-- What the exercise asks --
The entire listing, reproduced exactly and stripped of images, is the expected output.

-- Information provided --
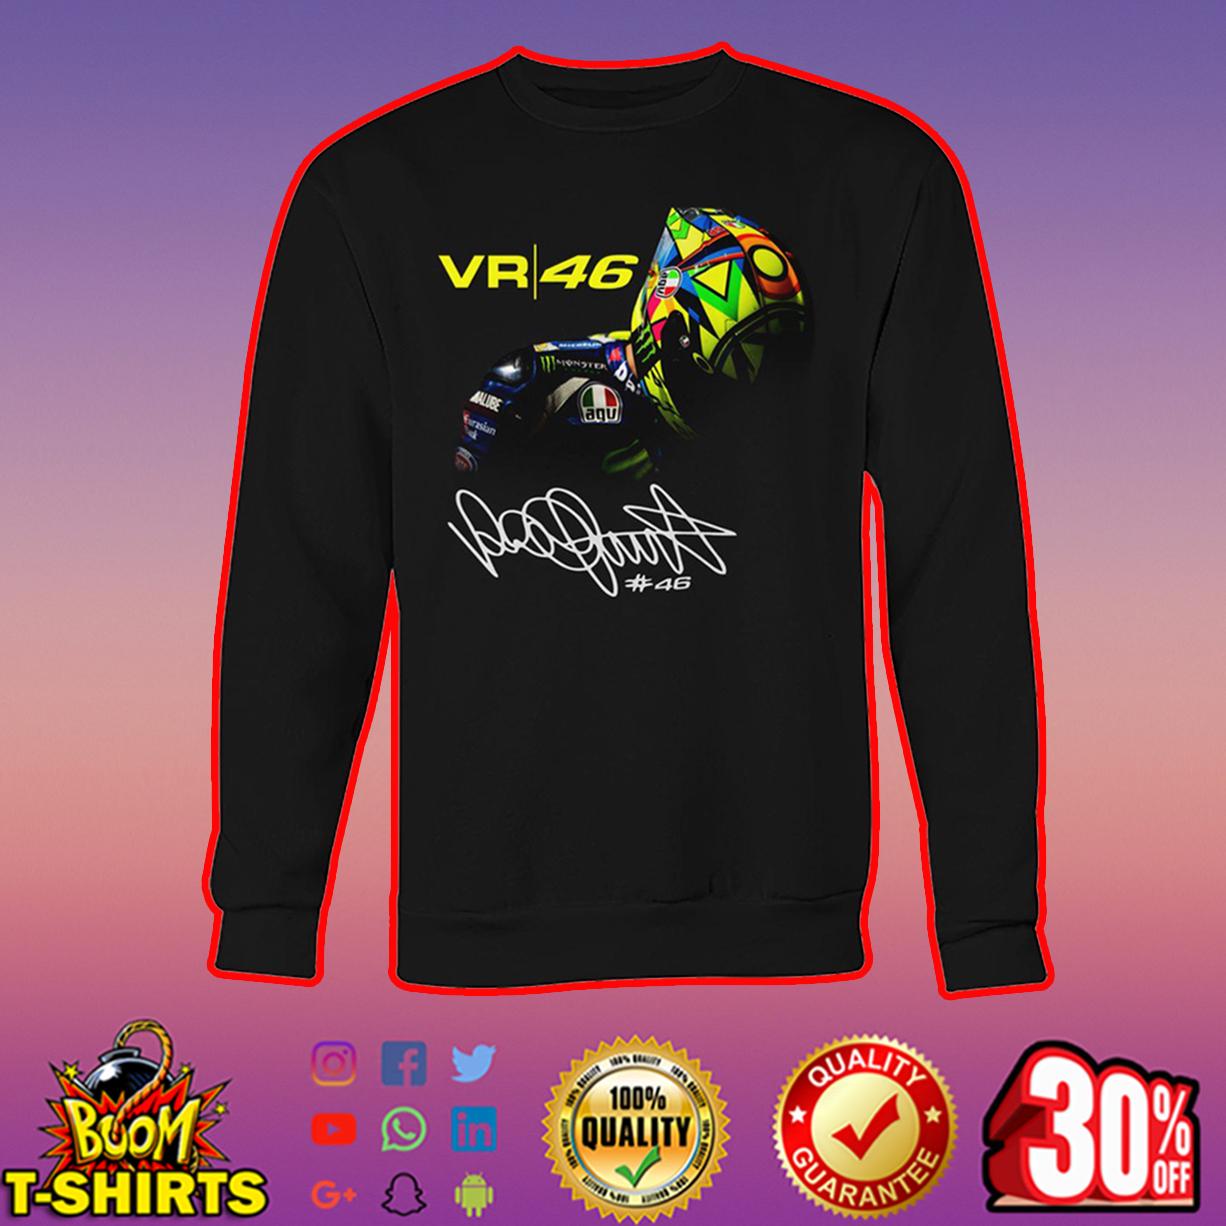 Valentino Rossi VR46 signature sweatshirt
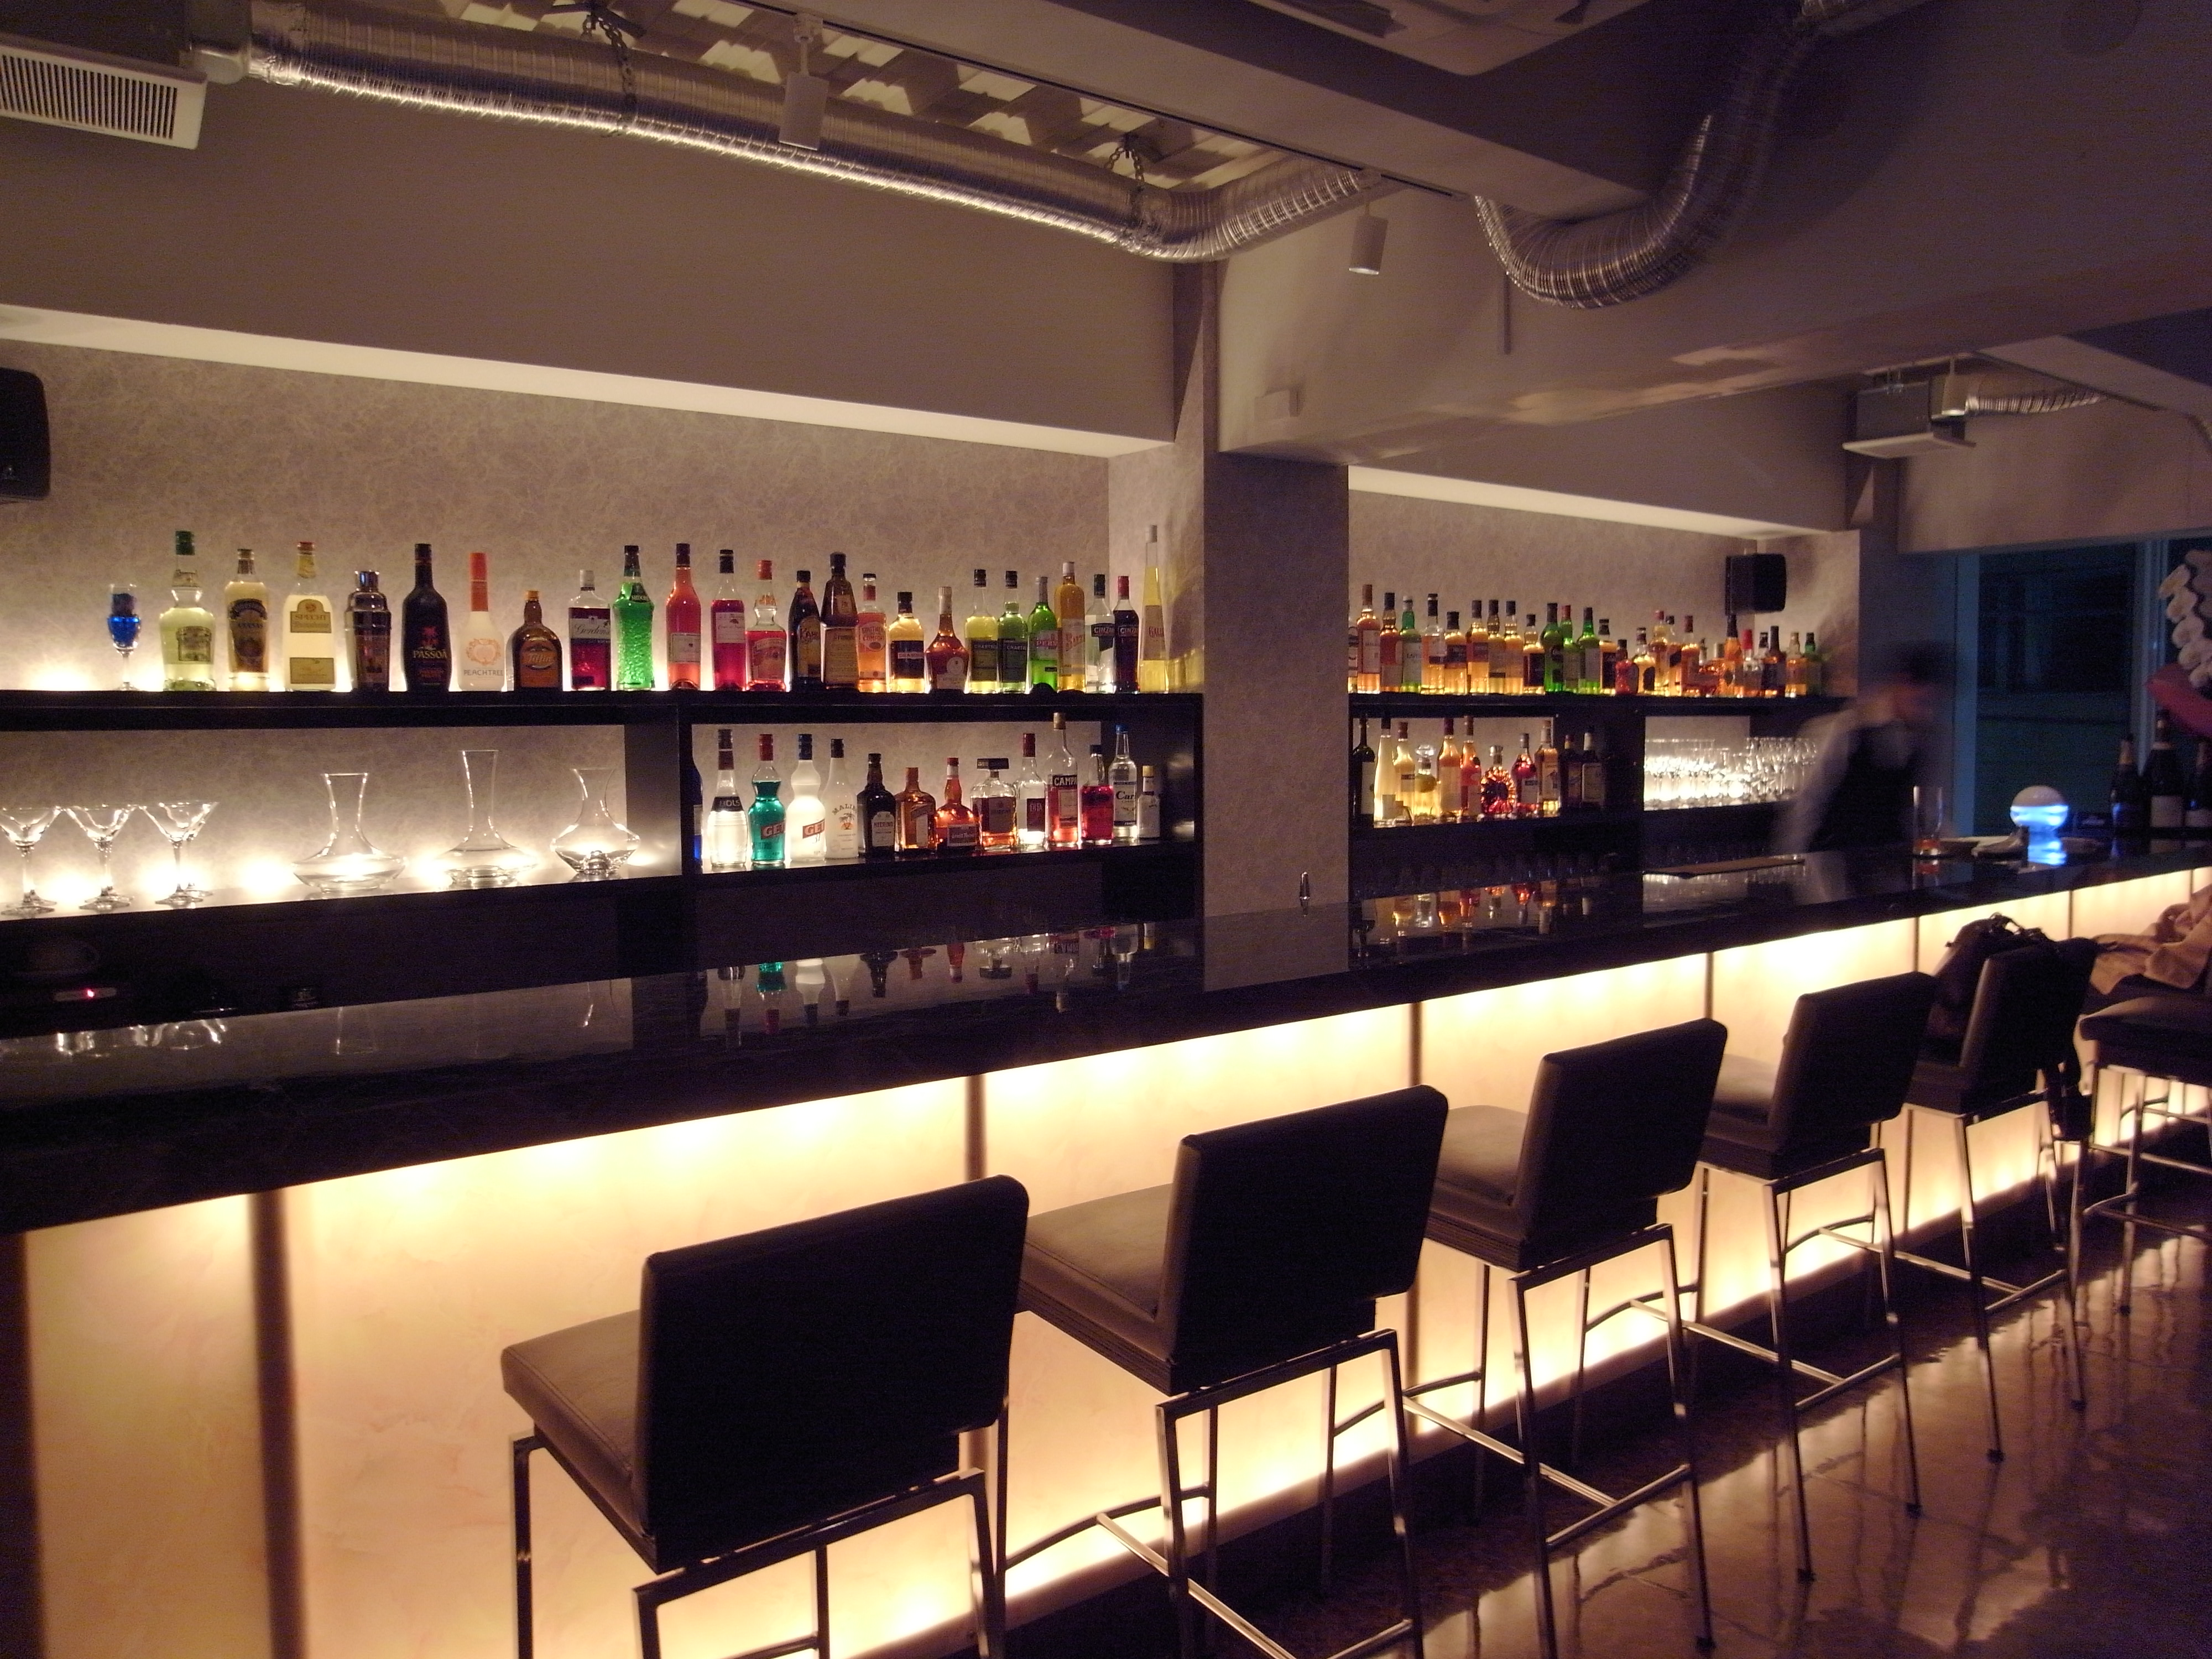 Top 28 Bar Counter At Home Design 27 Basement Bars That Bring Home The Good Times Bar
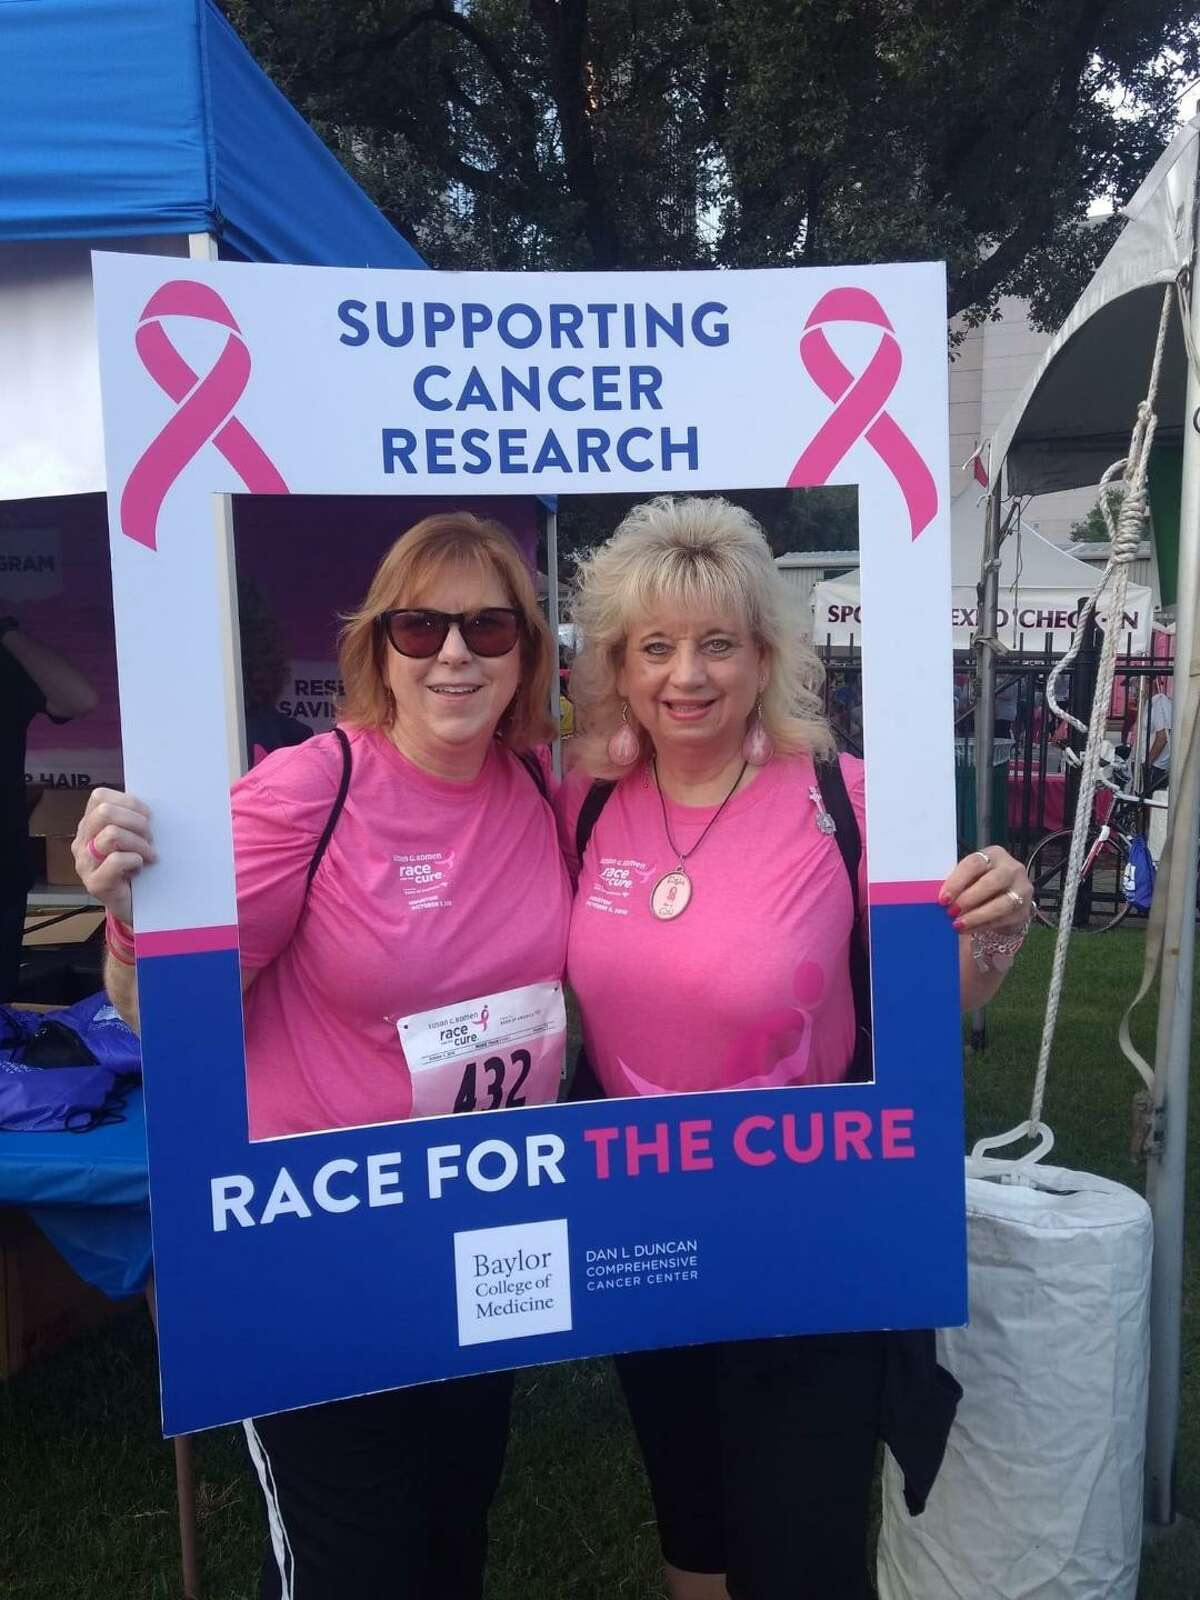 Rhonda Kirchman, right, and friend Darlene Kilburn participate in a Komen Houston Race for the Cure.

-- Answer --
 Valentino Rossi VR46 signature sweatshirt
 Top 28 Bar Counter At Home Design 27 Basement Bars That Bring Home The Good Times Bar
 Rhonda Kirchman, right, and friend Darlene Kilburn participate in a Komen Houston Race for the Cure.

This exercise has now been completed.